**Data shown:**
--- START ---
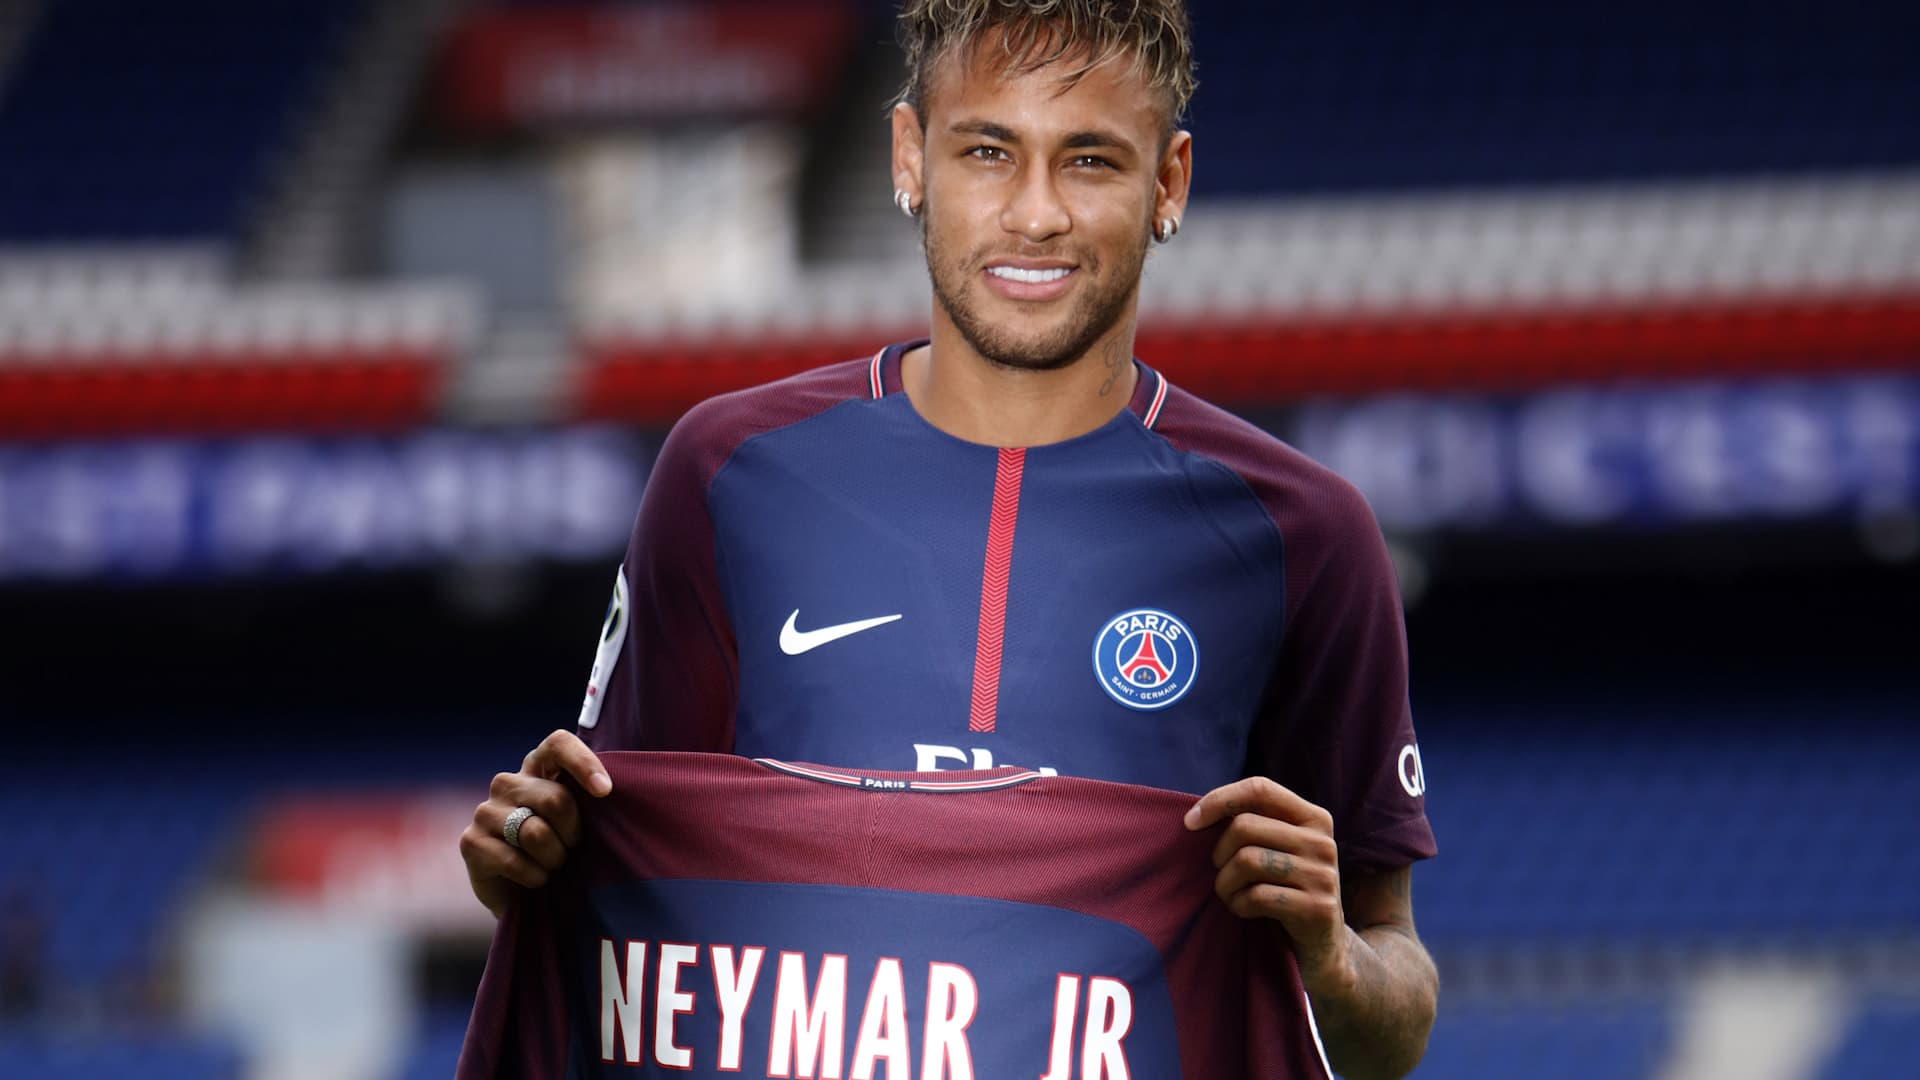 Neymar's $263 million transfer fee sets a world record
--- END ---
--- START ---
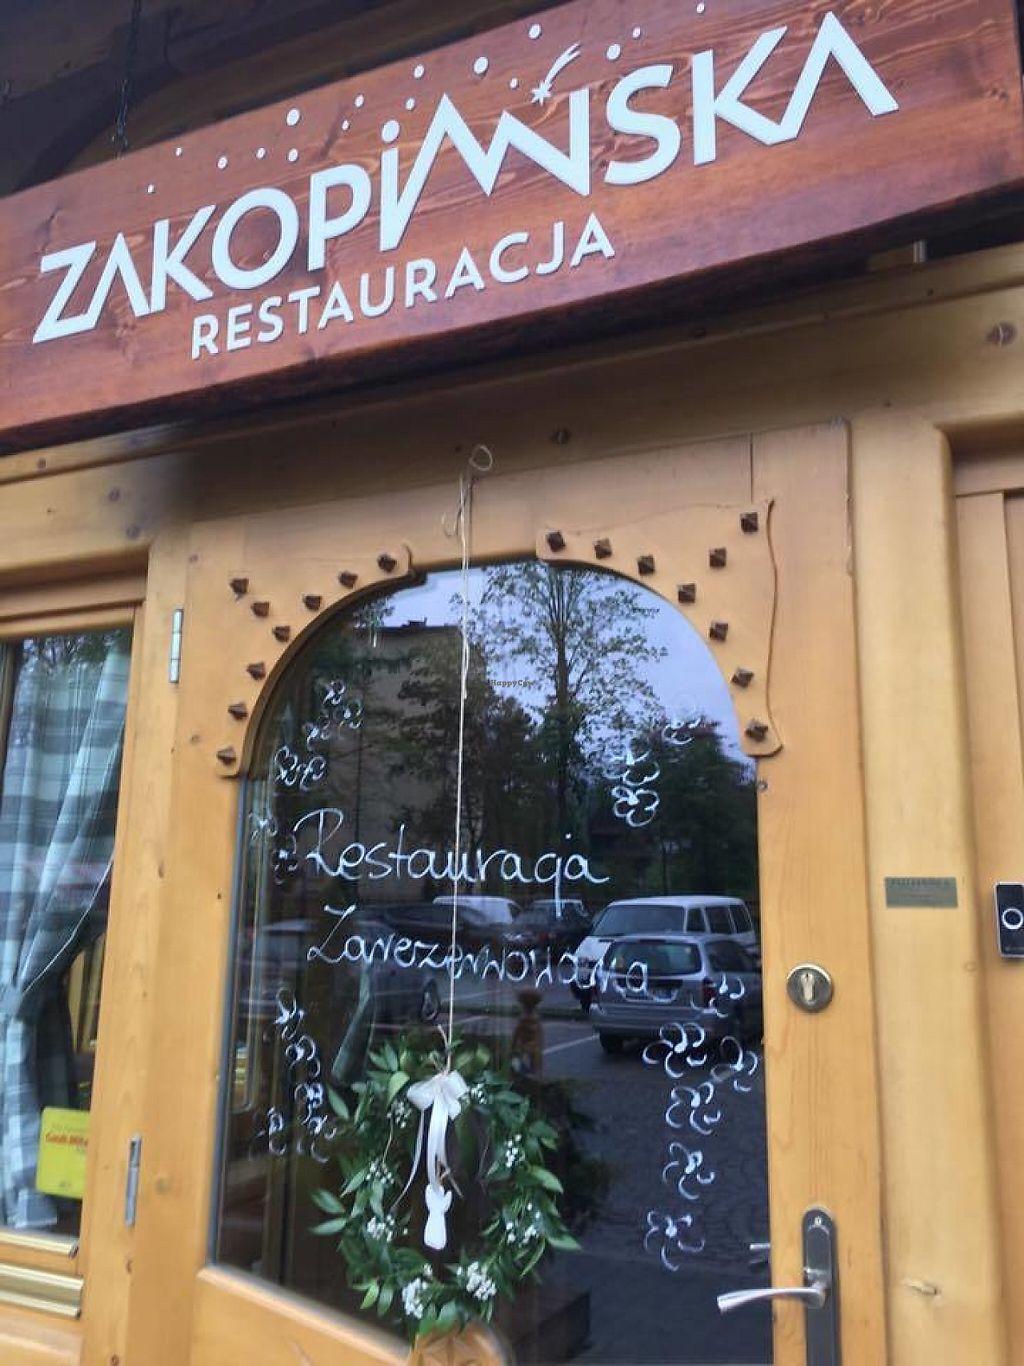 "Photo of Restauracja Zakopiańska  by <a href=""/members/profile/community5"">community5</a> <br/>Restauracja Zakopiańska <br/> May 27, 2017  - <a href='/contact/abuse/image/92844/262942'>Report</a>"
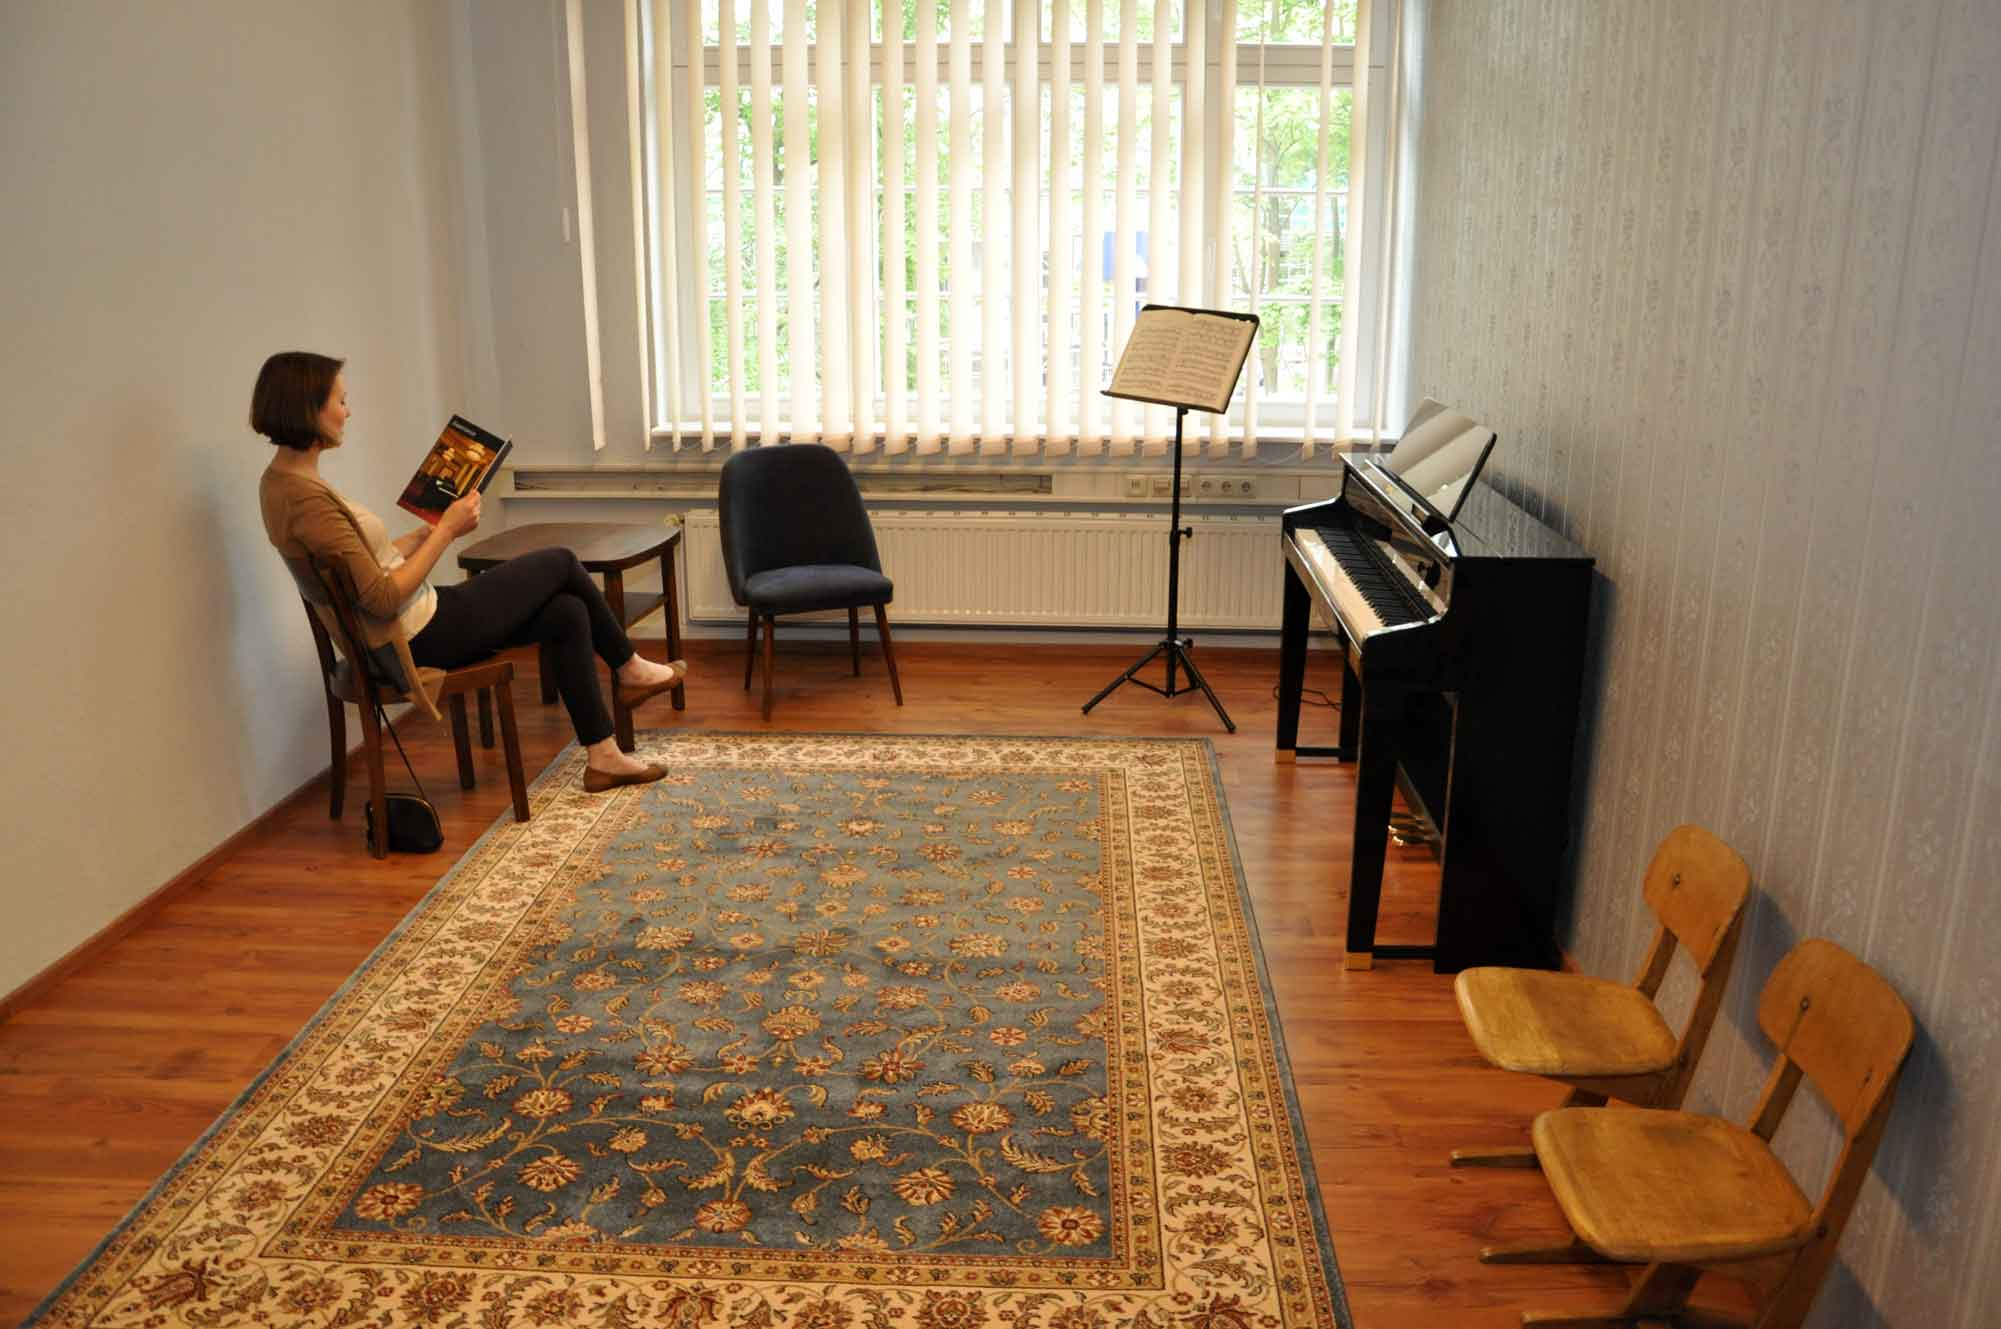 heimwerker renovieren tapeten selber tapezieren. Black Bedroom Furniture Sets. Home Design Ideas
--- END ---
--- START ---
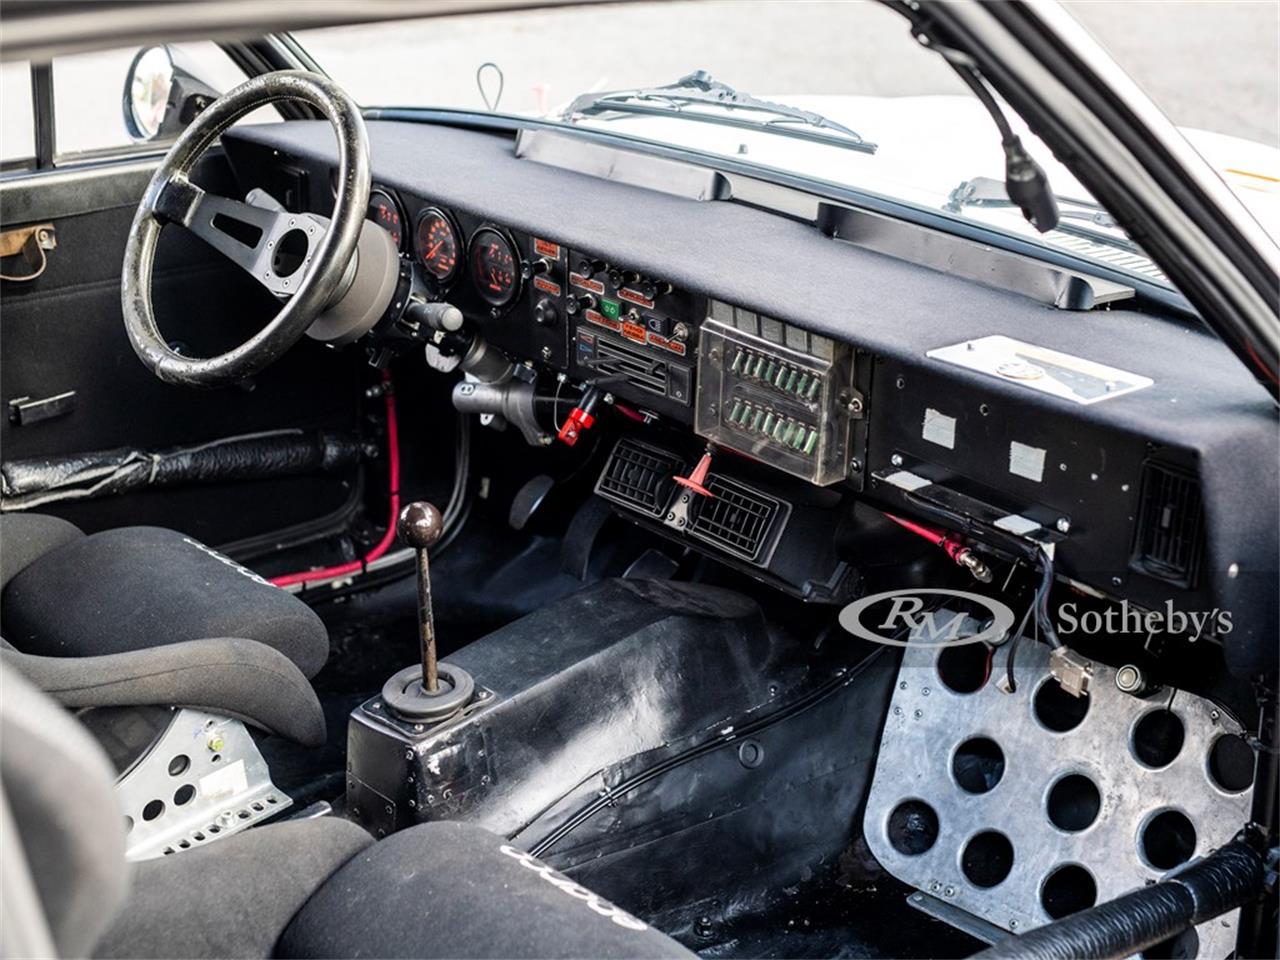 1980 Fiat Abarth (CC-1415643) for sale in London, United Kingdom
--- END ---
**Directions for this task:**
Pictures excluded, transcribe the listing above exactly from the line with "of Restauracja Zakopiańska" through the line with "heimwerker renovieren tapeten", and no further.

**The completed task:**
 "Photo of Restauracja Zakopiańska  by <a href=""/members/profile/community5"">community5</a> <br/>Restauracja Zakopiańska <br/> May 27, 2017  - <a href='/contact/abuse/image/92844/262942'>Report</a>"
 heimwerker renovieren tapeten selber tapezieren. Black Bedroom Furniture Sets. Home Design Ideas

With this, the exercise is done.